* [What is expected]: From the entries below, please output exactly the lines starting at the one containing "magnolias in paris" and ending at the one containing "Hakkari'de Ɖx3 Sokak", both included.

* [Provided records]:
[Start of Attachment]

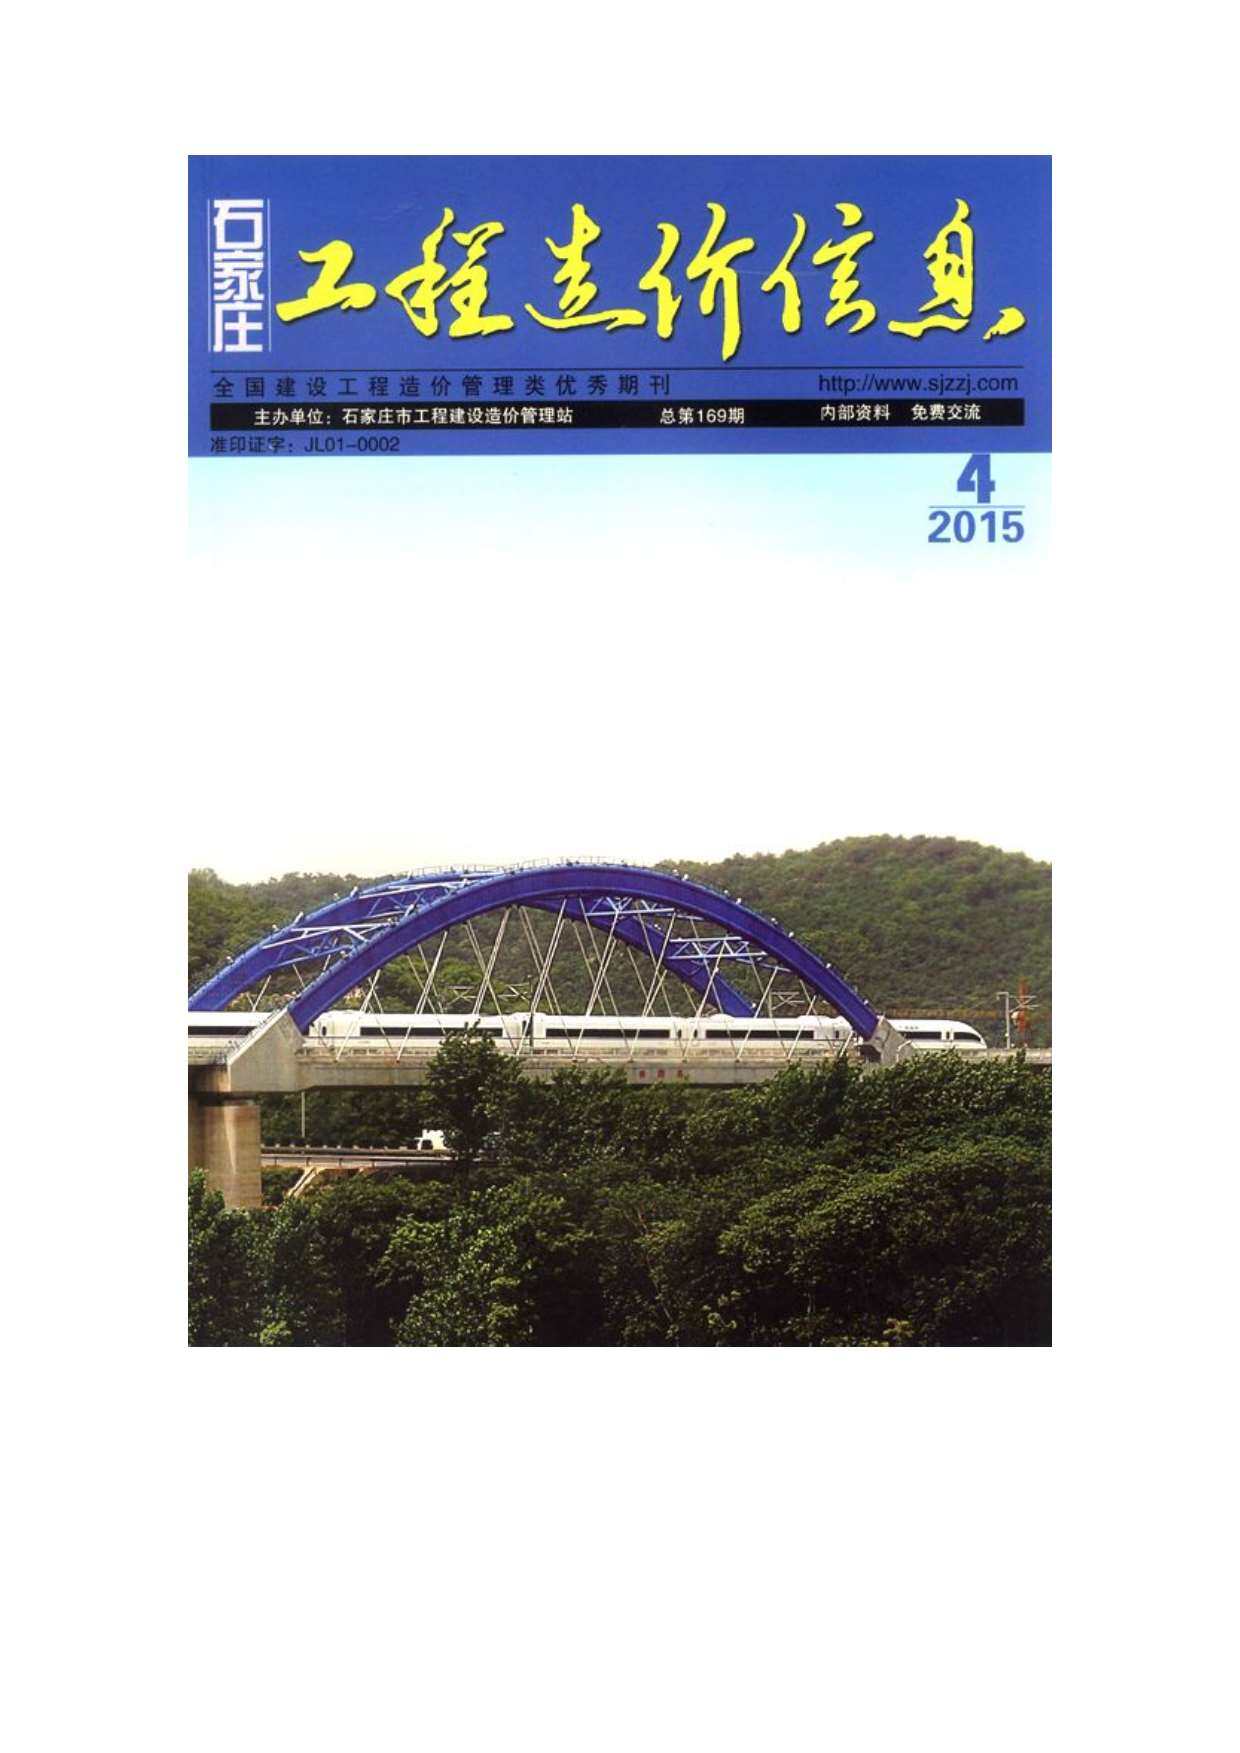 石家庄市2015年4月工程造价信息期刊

[End of Attachment]
[Start of Attachment]

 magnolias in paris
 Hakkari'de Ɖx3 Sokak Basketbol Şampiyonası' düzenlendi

[End of Attachment]
[Start of Attachment]

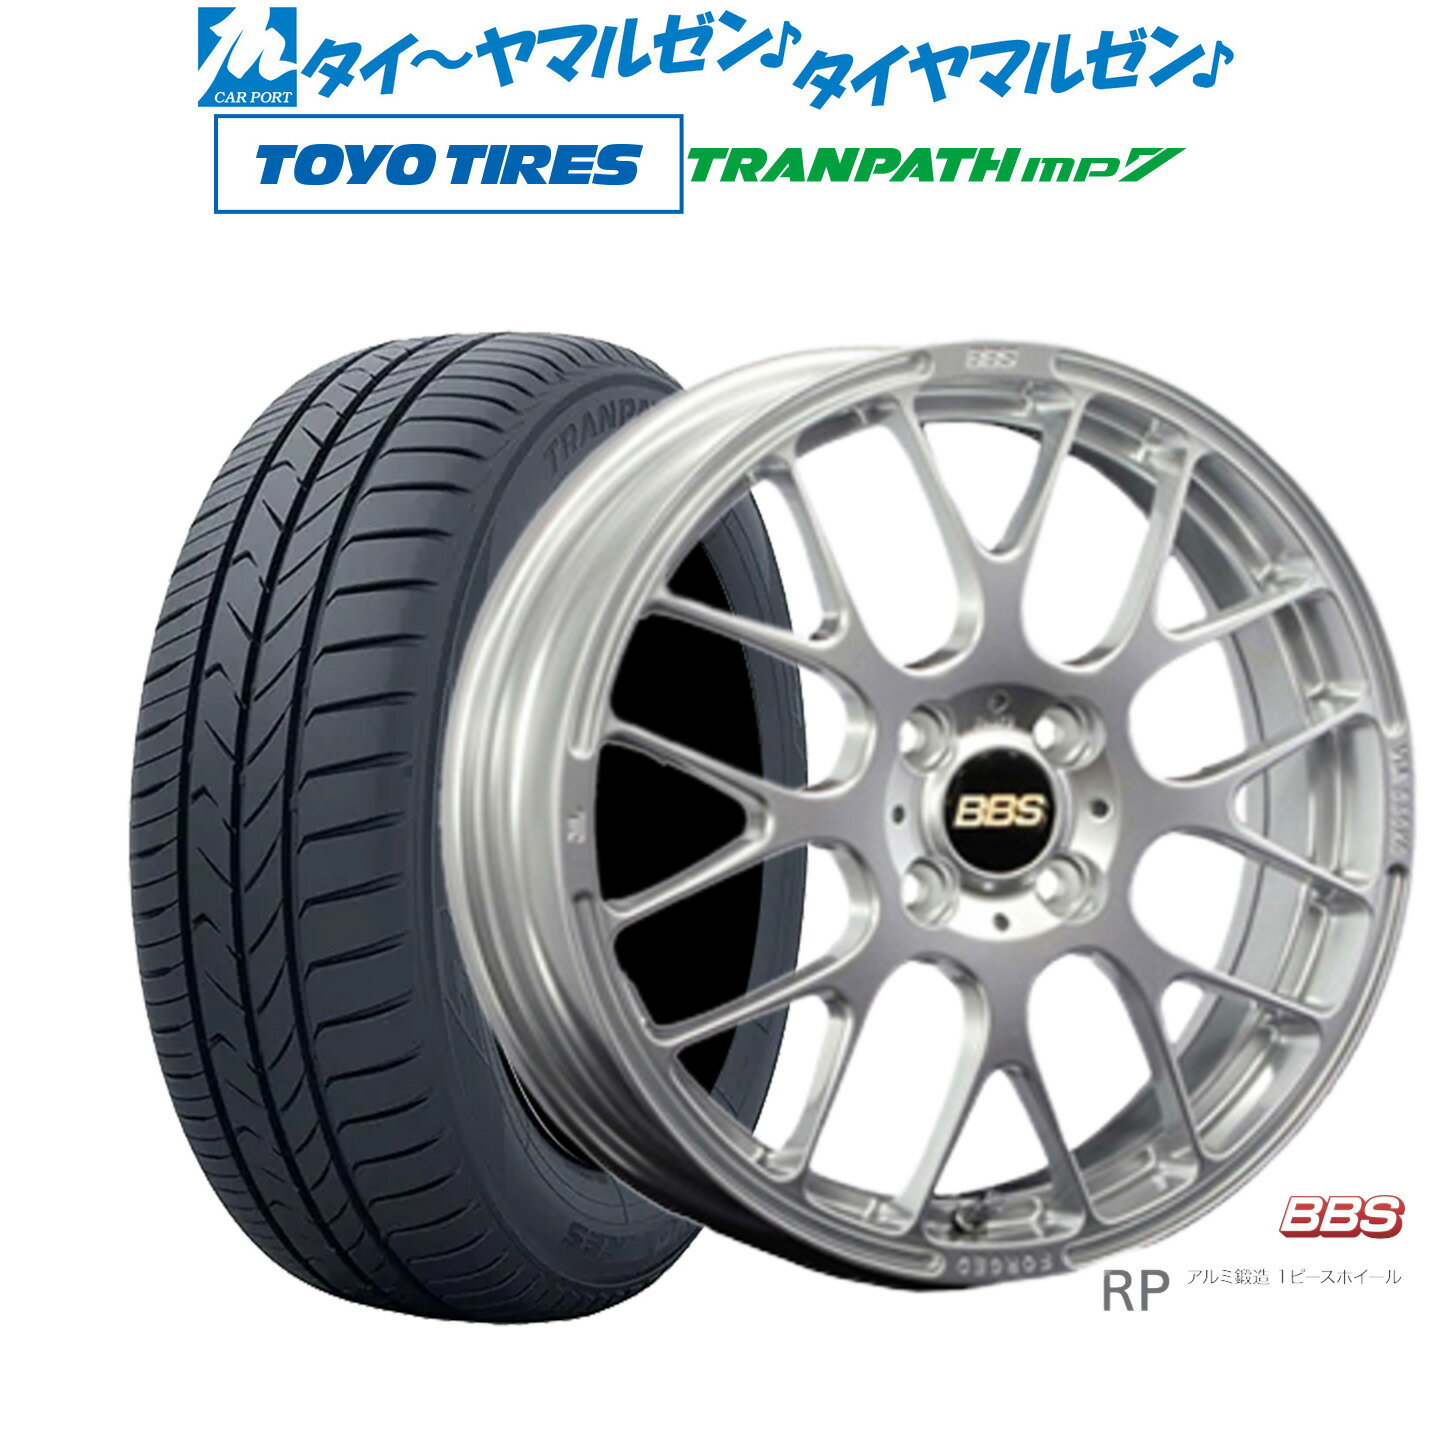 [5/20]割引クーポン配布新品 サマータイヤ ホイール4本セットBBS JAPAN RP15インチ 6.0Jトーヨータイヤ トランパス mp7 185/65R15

[End of Attachment]

* [Written solution]:
 magnolias in paris
 Hakkari'de Ɖx3 Sokak Basketbol Şampiyonası' düzenlendi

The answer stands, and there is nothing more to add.